_Exercise directions_
Give the whole listing below once more, exactly, without pictures.

_Provided data_
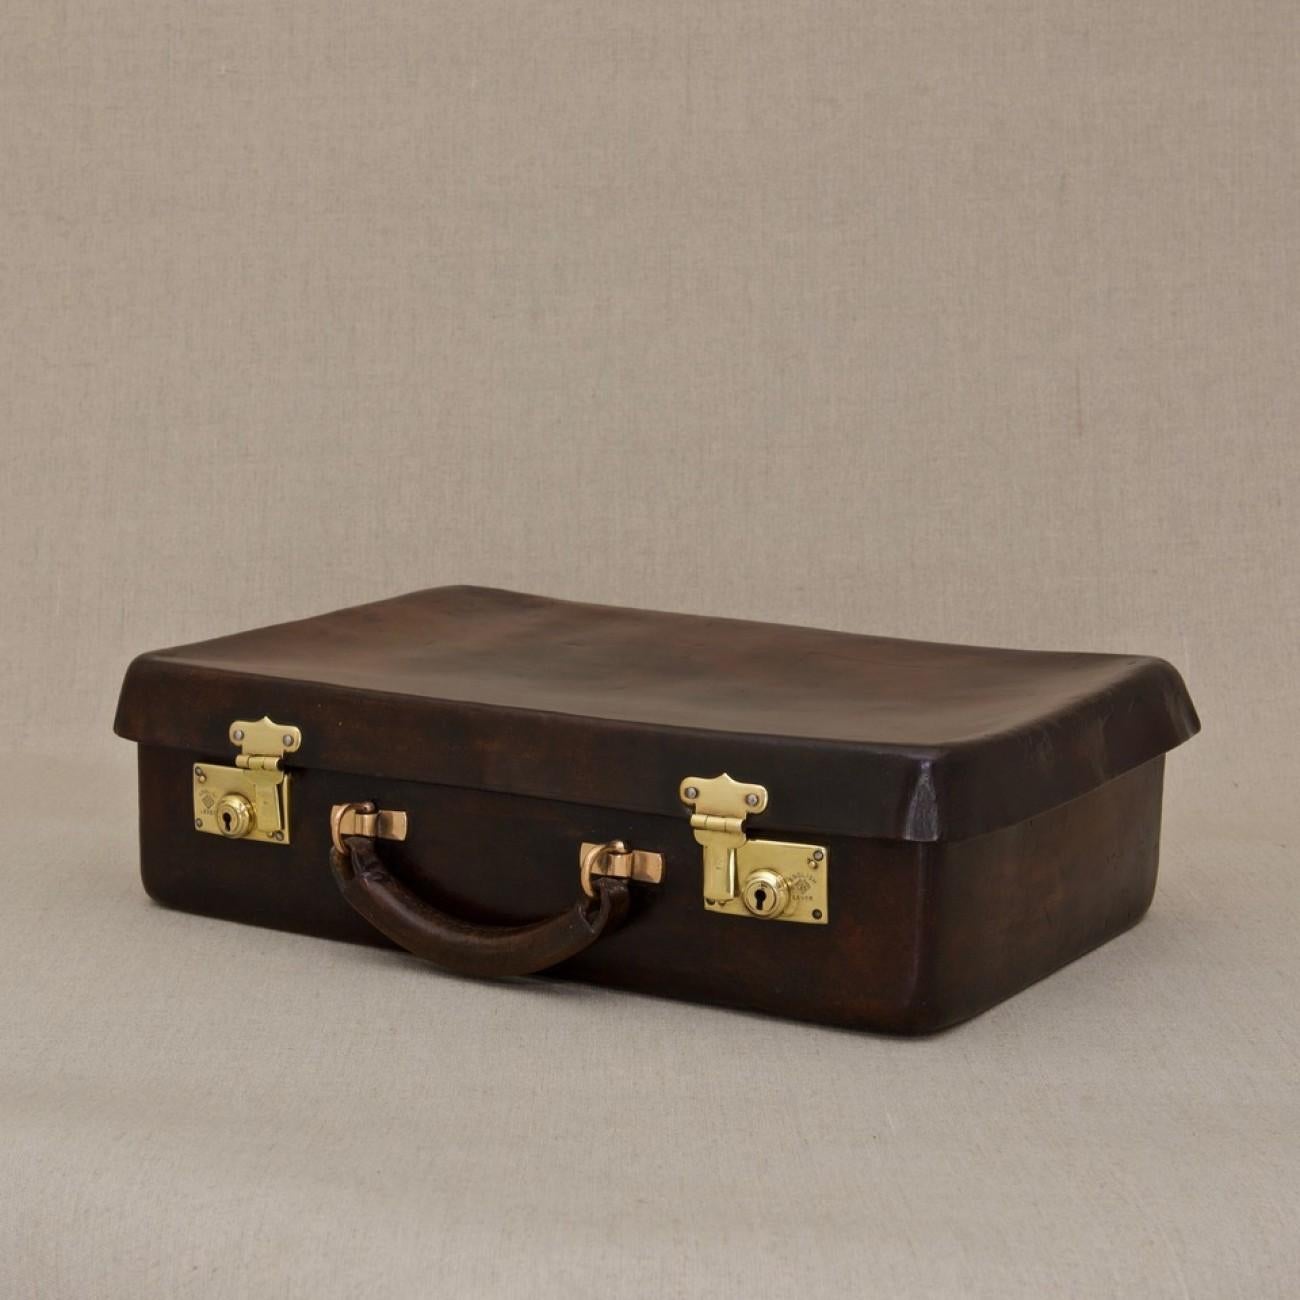 Splendid patinated dark tan leather Norfolk hide attaché case, circa 1920. With original leather handle, no initials and original Rexine lining to the interior. Stamped 'Warranted Solid Leather' and 'Ashtona Standard'.

Norfolk hide is one of the
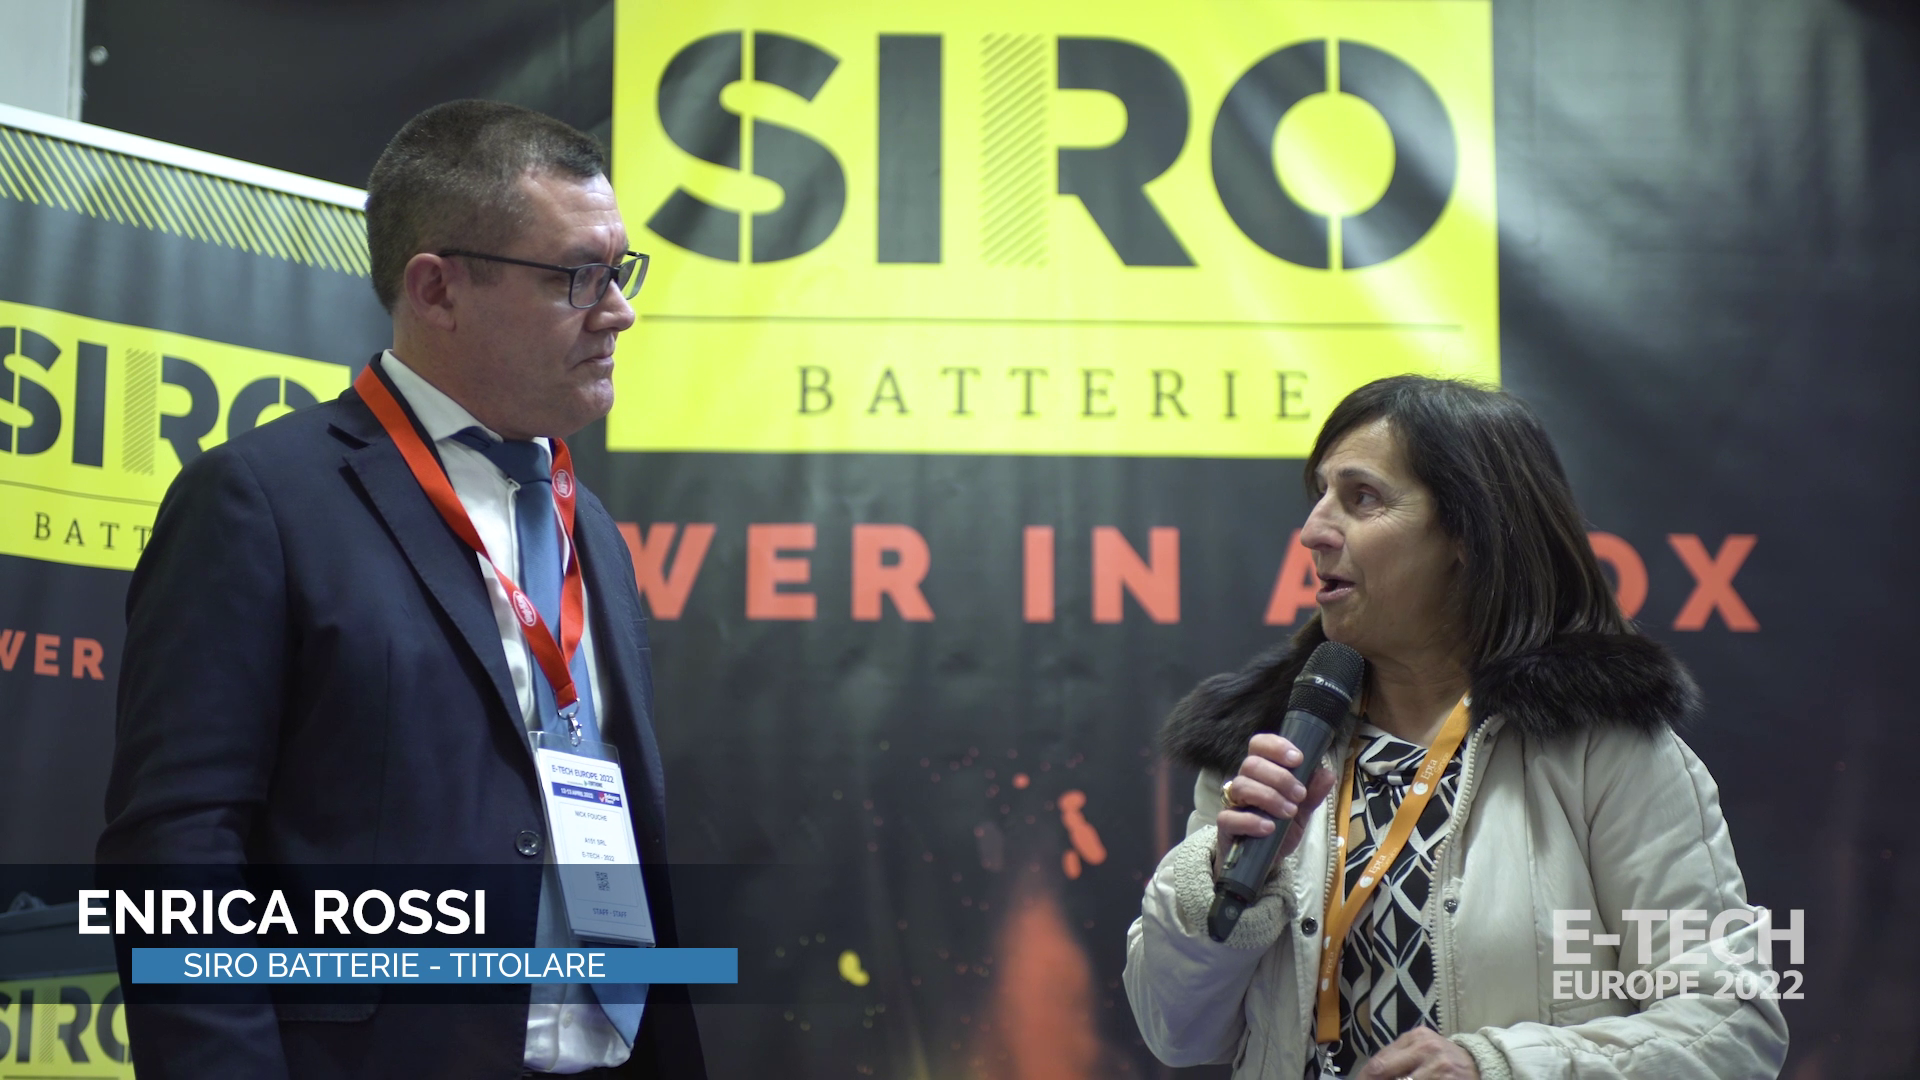 Video interview with Enrica Rossi, CEO of SIRO BATTERIE

_Exercise response_
 Splendid patinated dark tan leather Norfolk hide attaché case, circa 1920. With original leather handle, no initials and original Rexine lining to the interior. Stamped 'Warranted Solid Leather' and 'Ashtona Standard'.

Norfolk hide is one of the
 Video interview with Enrica Rossi, CEO of SIRO BATTERIE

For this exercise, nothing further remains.